Whatever happened between former IMF head Dominique Strauss-Kahn and the immigrant housekeeper he is (still) charged with sexually assaulting earlier this year is likely destined to remain a murky bit of business. He’s got a record as a sexual harasser, she’s admitted to faking rape previously. Stir in the fact that there are plenty of powerful people who had reason want Strauss-Kahn sidelined, and you have a case that will keep everyone from feminists to Bilderberg types debating for years over what really happened in that $3,000 a night luxury suite at the Sofitel Hotel in Midtown Manhattan this past spring.
Yet, almost unbelievably, there is a victory for women in this sorry saga. Yes, a victory. Really.
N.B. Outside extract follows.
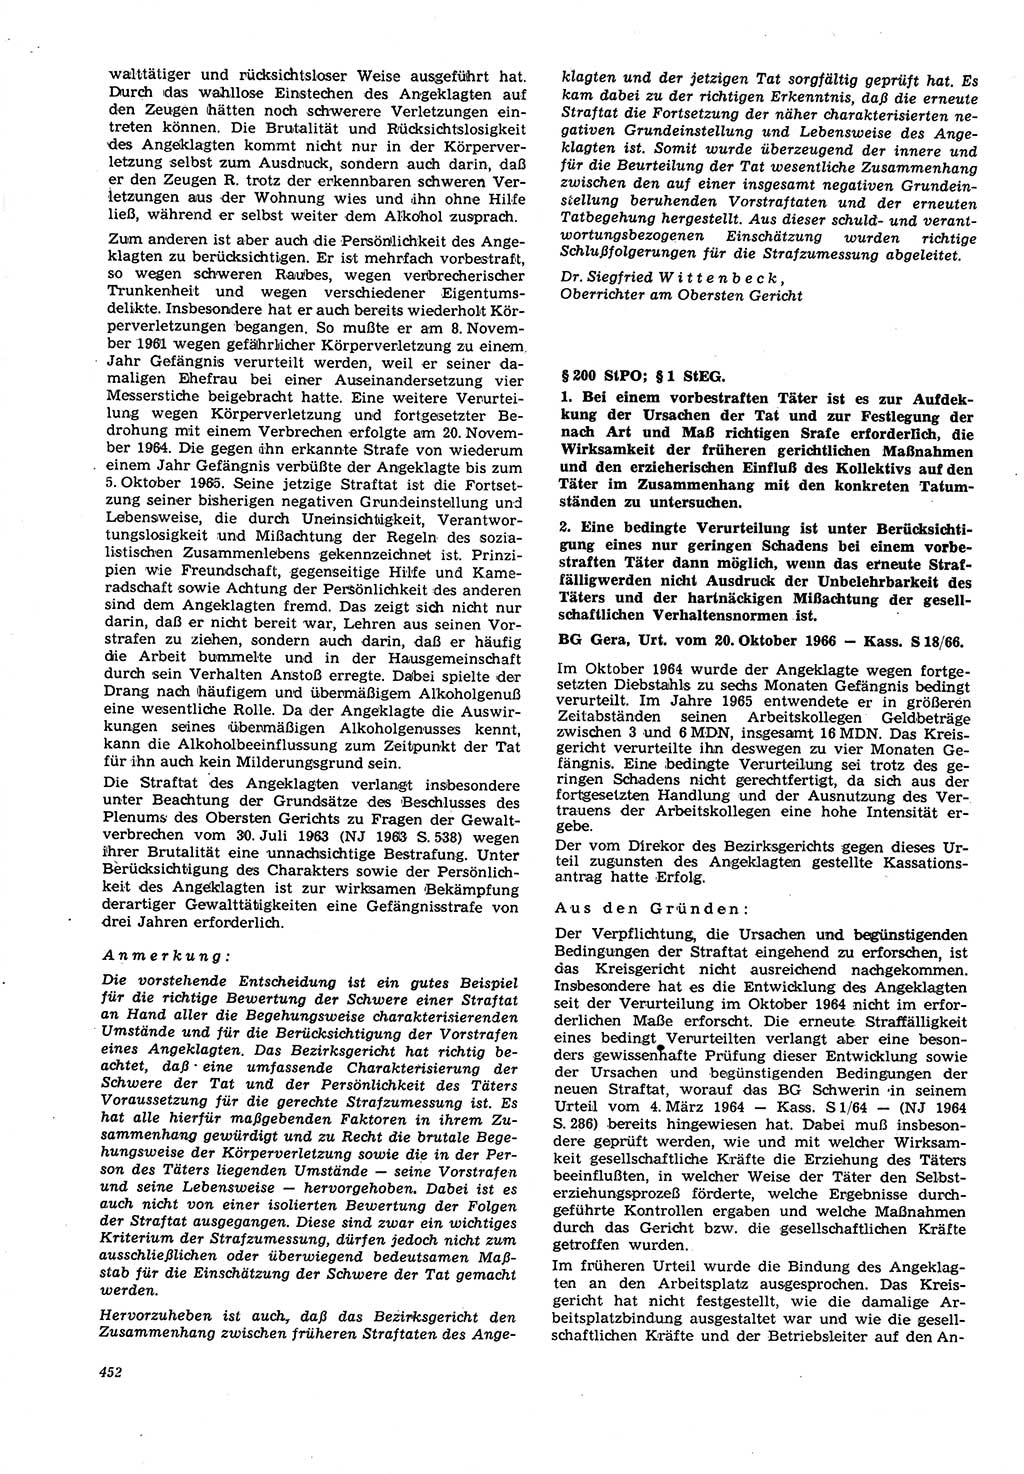 Neue Justiz (NJ), Zeitschrift für Recht und Rechtswissenschaft [Deutsche Demokratische Republik (DDR)], 21. Jahrgang 1967, Seite 452 (NJ DDR 1967, S. 452)

No one deemed the housekeeper “a little bit nutty and a little bit slutty,” as was said about Anita Hill a mere twenty years ago, when she first surfaced to accuse Clarence Thomas of sexual harassment at work. Nor was she dismissed by the powers-that-be as a deranged groupie and stalker, like Monica Lewinsky in the wake of the charges she had had an affair with President Bill Clinton, a character assassination that might well have worked but for the infamous semen-stained dress. And no one suggested that the housekeeper had “asked for it” by simply opening a door and entering Strauss-Kahn’s room with her cleaning cart.
Instead, this relatively powerless immigrant was believed, at least until the investigators discovered there was possible reason to doubt her veracity. It the reverse of what likely would have happened a little more than a decade ago. Like all successful social change it’s more or less taken for granted, so much so that it’s left to me to point it out on this rather lowly blog. We’ve come a long way. Let’s not forget it.